Infine la rassicurazione (intesa come relazione che "contiene" il disagio), facilita l'adattamento a lungo termine riducendo ansia e depressione (Fallowfield, 1993).
Uno studio di Razavi (1994) riporta che il 50% dei pazienti non avrebbe necessità di un intervento specialistico, essendo sufficiente il supporto psicologico fornito dall'èquipe. Ciò ribadisce l'importanza della presenza emotiva degli operatori sanitari e la responsabilità di ognuno nel favorire l'adattamento del paziente. Il 35-40% avrebbe giovamento dall'intervento di uno psicologo o di uno psicoterapeuta e il 10-15% richiederebbe un intervento psichiatrico.
L'obiettivo globale del trattamento in oncologia è il miglioramento della qualità di vita, agendo sul disagio attuale con interventi specialistici anche al fine di limitare il rischio di conseguenze psicopatologiche a distanza (Grassi, 1997).

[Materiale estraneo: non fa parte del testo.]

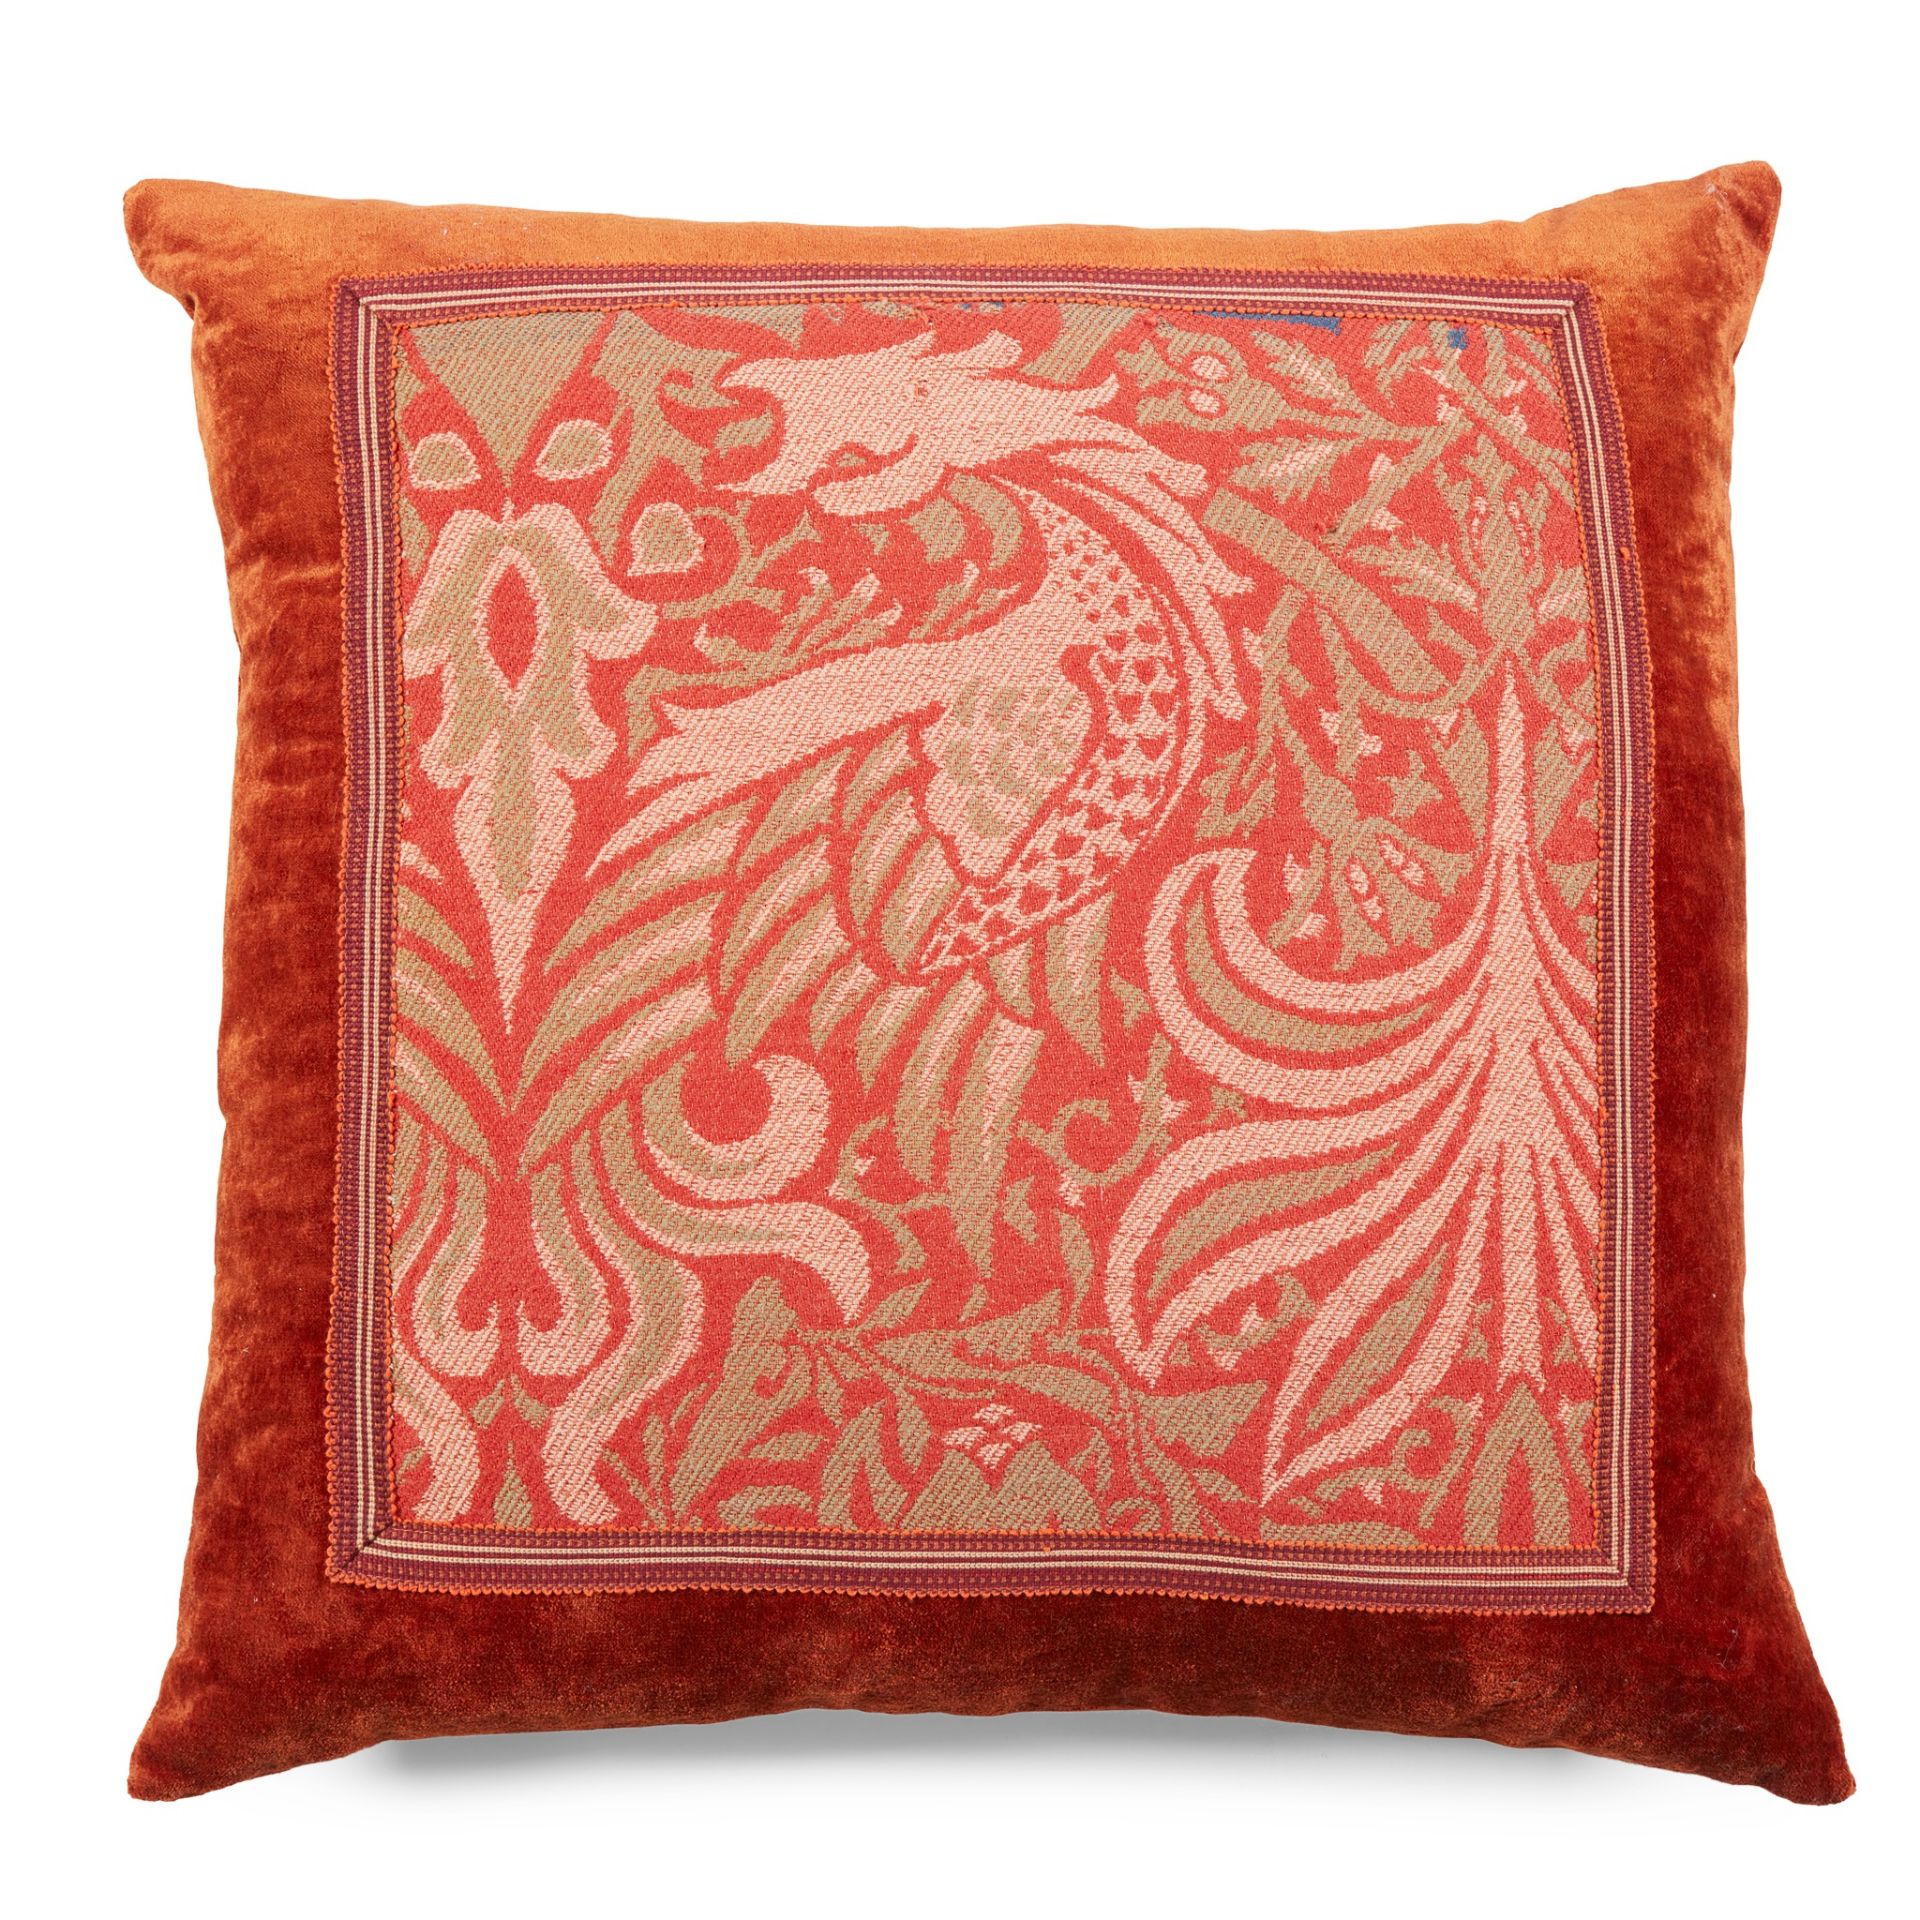 WILLIAM MORRIS (1834-1896) FOR MORRIS & CO. THREE ARTS & CRAFTS ‘PEACOCK & DRAGON’ PATTERN CUSHIONS, - Image 2 of 7

Queste le conclusioni attuali del nostro "studio". Ci auguriamo che lo screening del disagio psicologico e la messa a punto di strategie preventive, da un lato, e terapeutiche, dall'altro, possano diventare diffusamente "pratica clinica" in quanto l'intervento psicosociale è elemento imprescindibile del trattamento e del lavoro di èquipe.
Nel caso della nostra ricerca, la distribuzione e il ritiro dei questionari da parte di un professionista psicologo diventa occasione per fornire una prima risposta al disagio e ai bisogni dei pazienti.